Personal information
- Full name: Mark Weideman
- Born: 30 December 1961 (age 63)
- Original team: West Adelaide (SANFL)
- Height: 188 cm (6 ft 2 in)
- Weight: 92 kg (203 lb)

Playing career^{1}
- Years: Club / Games (Goals)
- 1981–1984: Collingwood / 28 (34)
- ^{1} Playing statistics correct to the end of 1984.

= Mark Weideman =

Australian rules footballer

Mark Weideman (born 30 December 1961) is a former Australian rules footballer who played with Collingwood in the Victorian Football League (VFL).

Weideman was just 16 when he made his senior debut for South Australian National Football League (SANFL) club West Adelaide in 1978. His father, Murray Weideman, had coached the club earlier in the decade, after an 11-year career at Collingwood. Weideman followed in his father's footsteps and played 28 games for Collingwood over four seasons. He played 20 of those games in his debut season in 1981, which included their preliminary final win over Geelong, but he wasn't selected in the Grand Final team, his spot taken by captain Peter Moore, who was returning from injury.

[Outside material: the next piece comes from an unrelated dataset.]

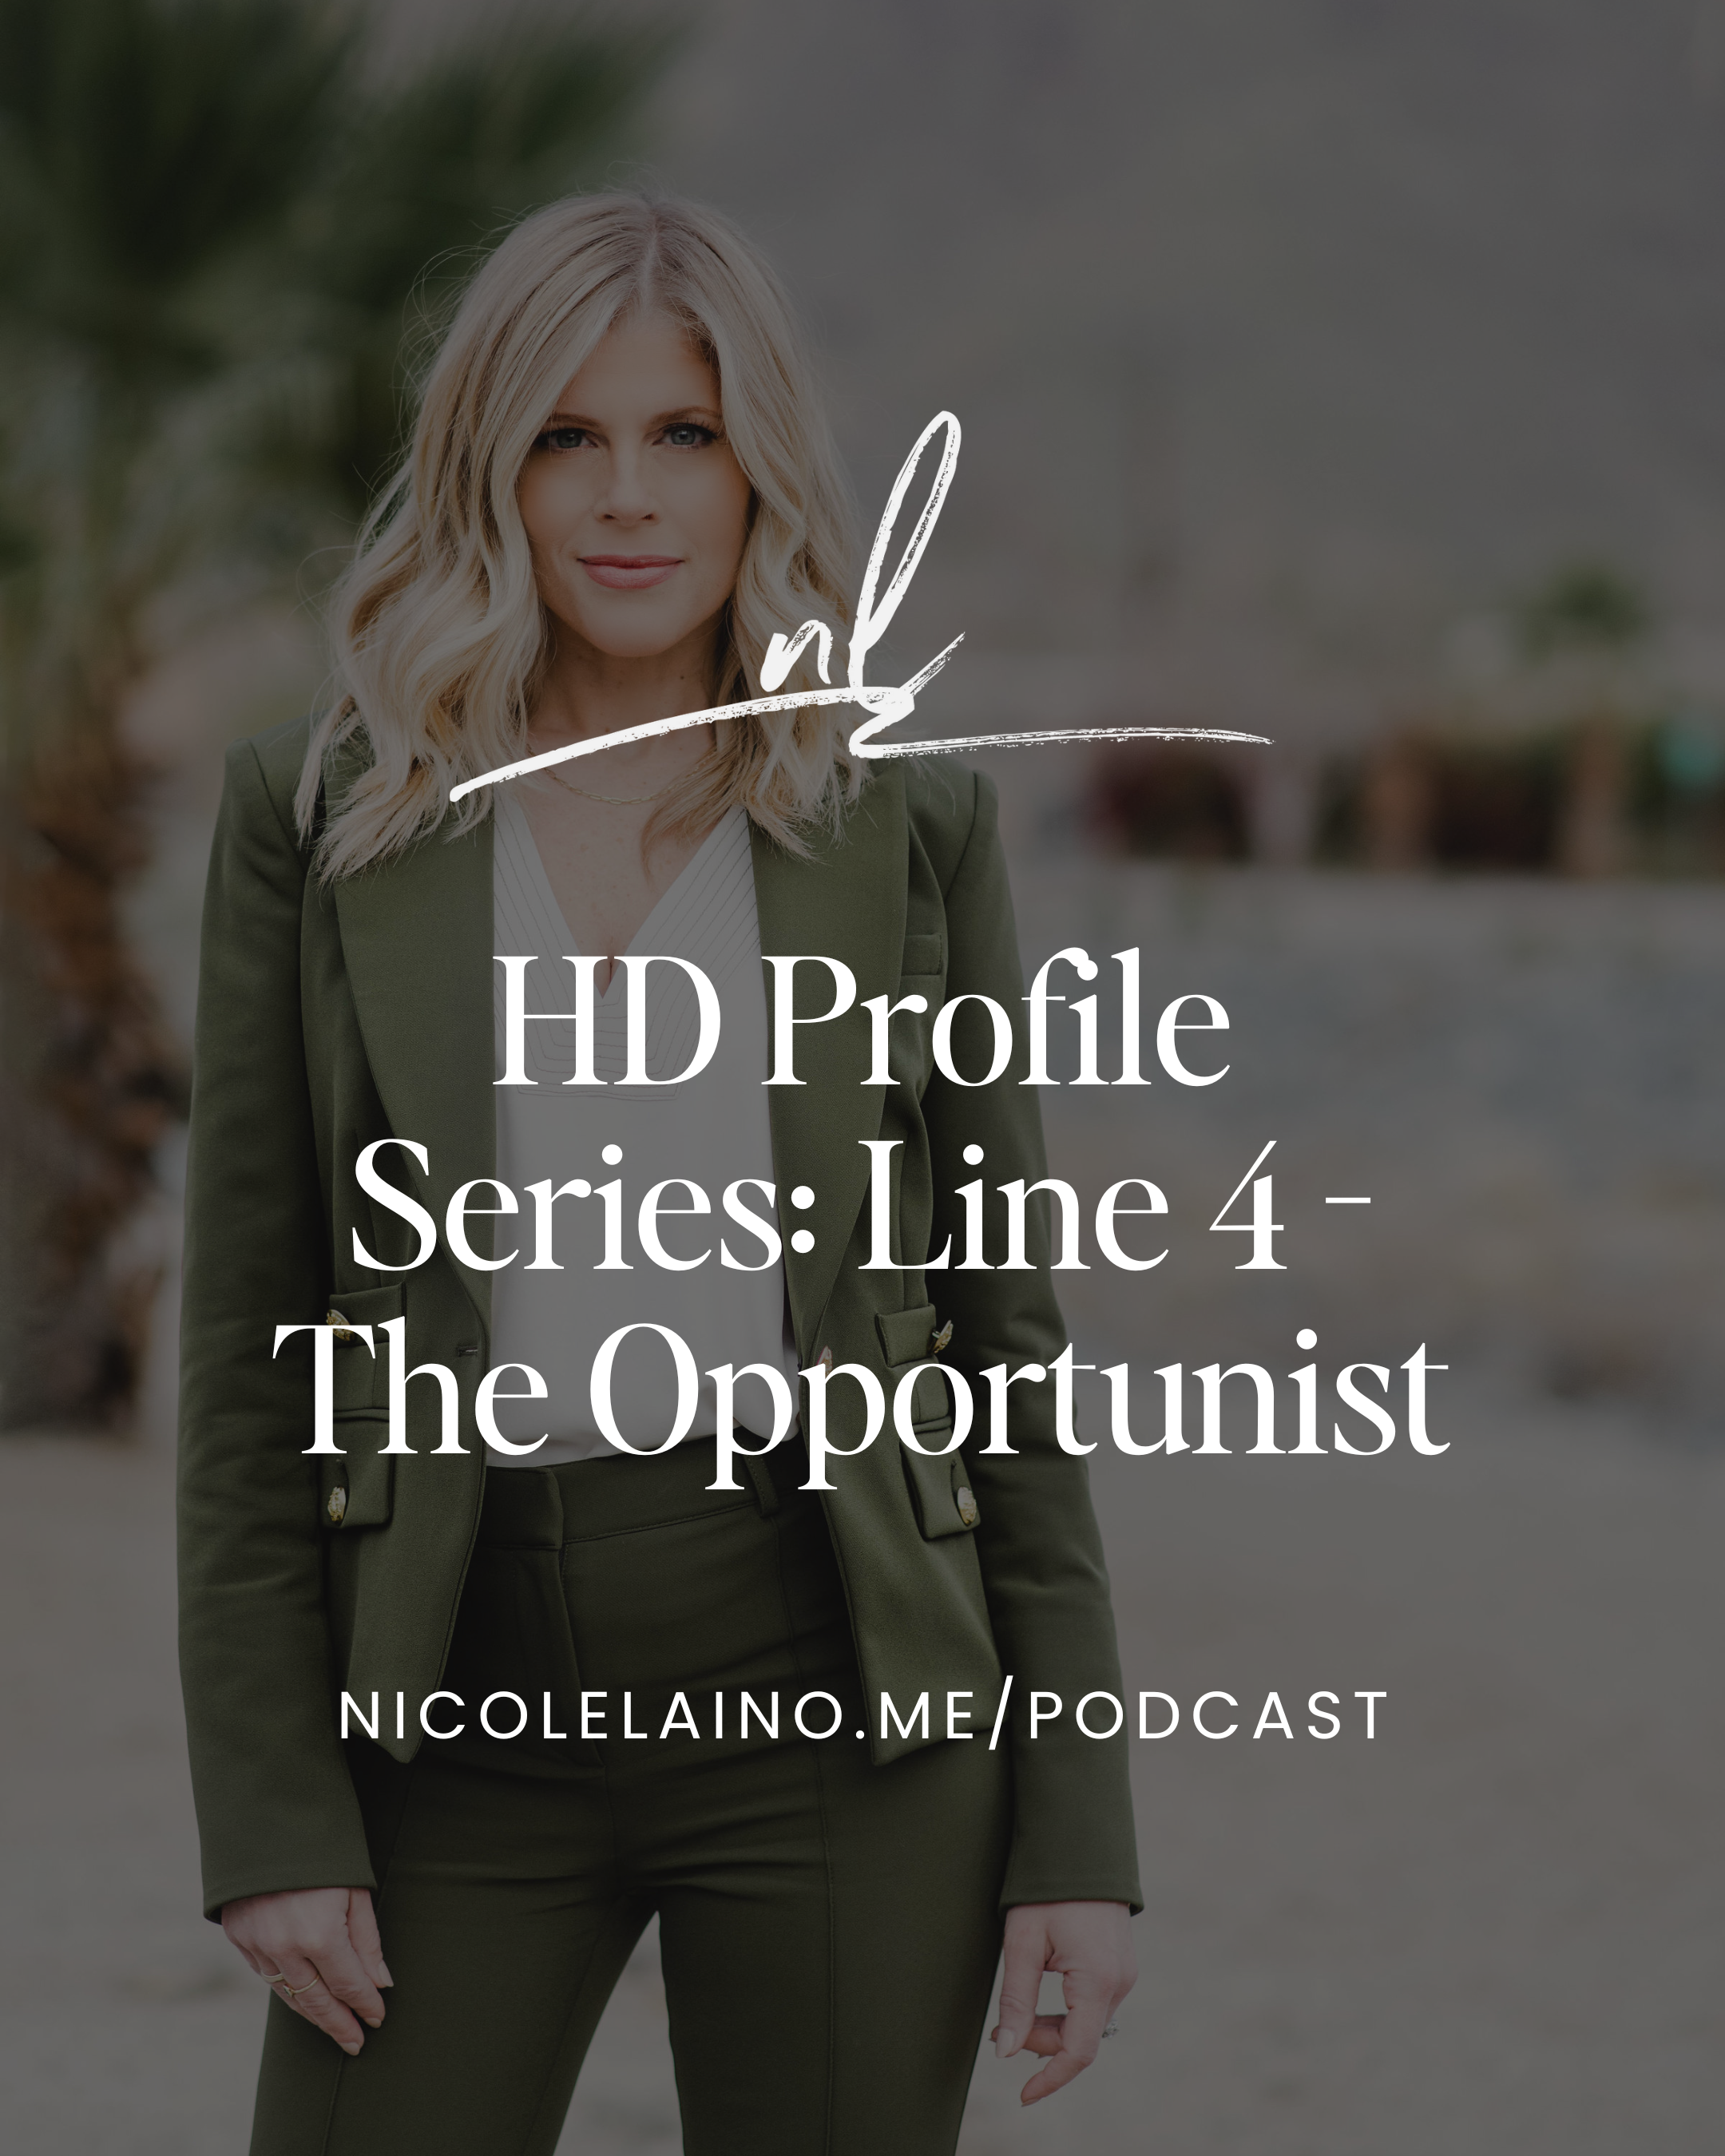 HD Profile Series: Line 4 - The Opportunist
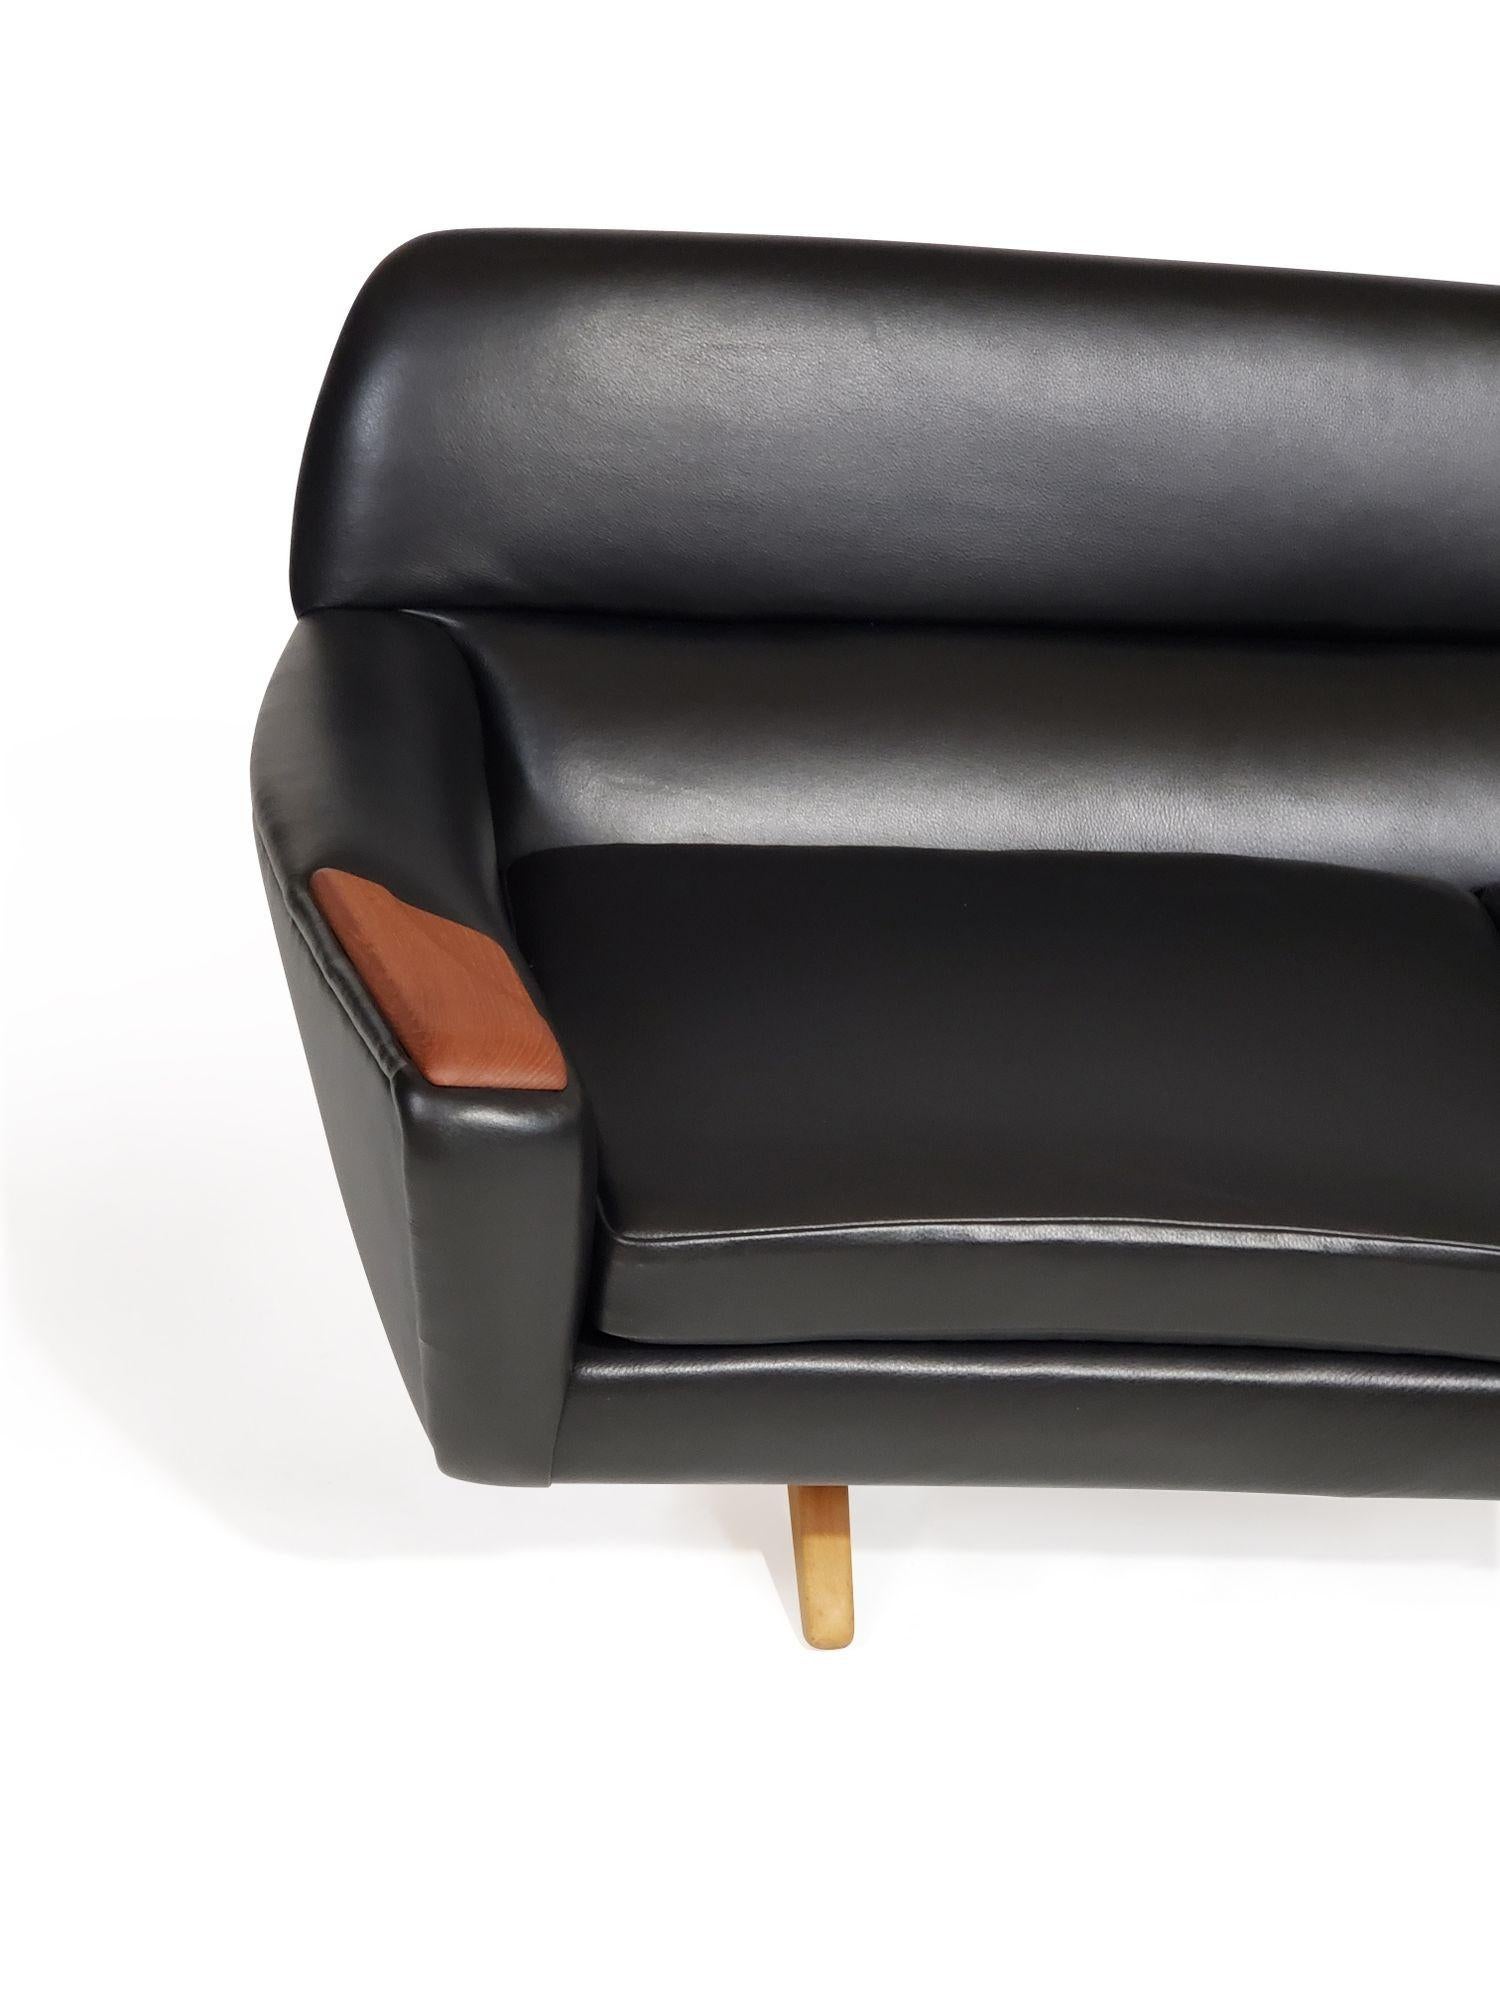 Danish sofa designed by Leif Hansen for Kronen. Crafted of a solid wood frame in a curved form with teak paws, perfectly reupholstered in a full-grain semi-aniline soft black leather. Raised on beech scissor legs. Professionally restored by our team

Used by Collingwood up forward and as a ruckman, Weideman was never again a regular fixture in the team, appearing twice in 1982, five times in 1983 and just once in 1984. Weideman later had success with Victorian Football Association (VFA) club Coburg. He won their best and fairest award in 1987, played in back to back premierships in 1988/1989 and was named on the interchange bench in Coburg's official Team of the Century.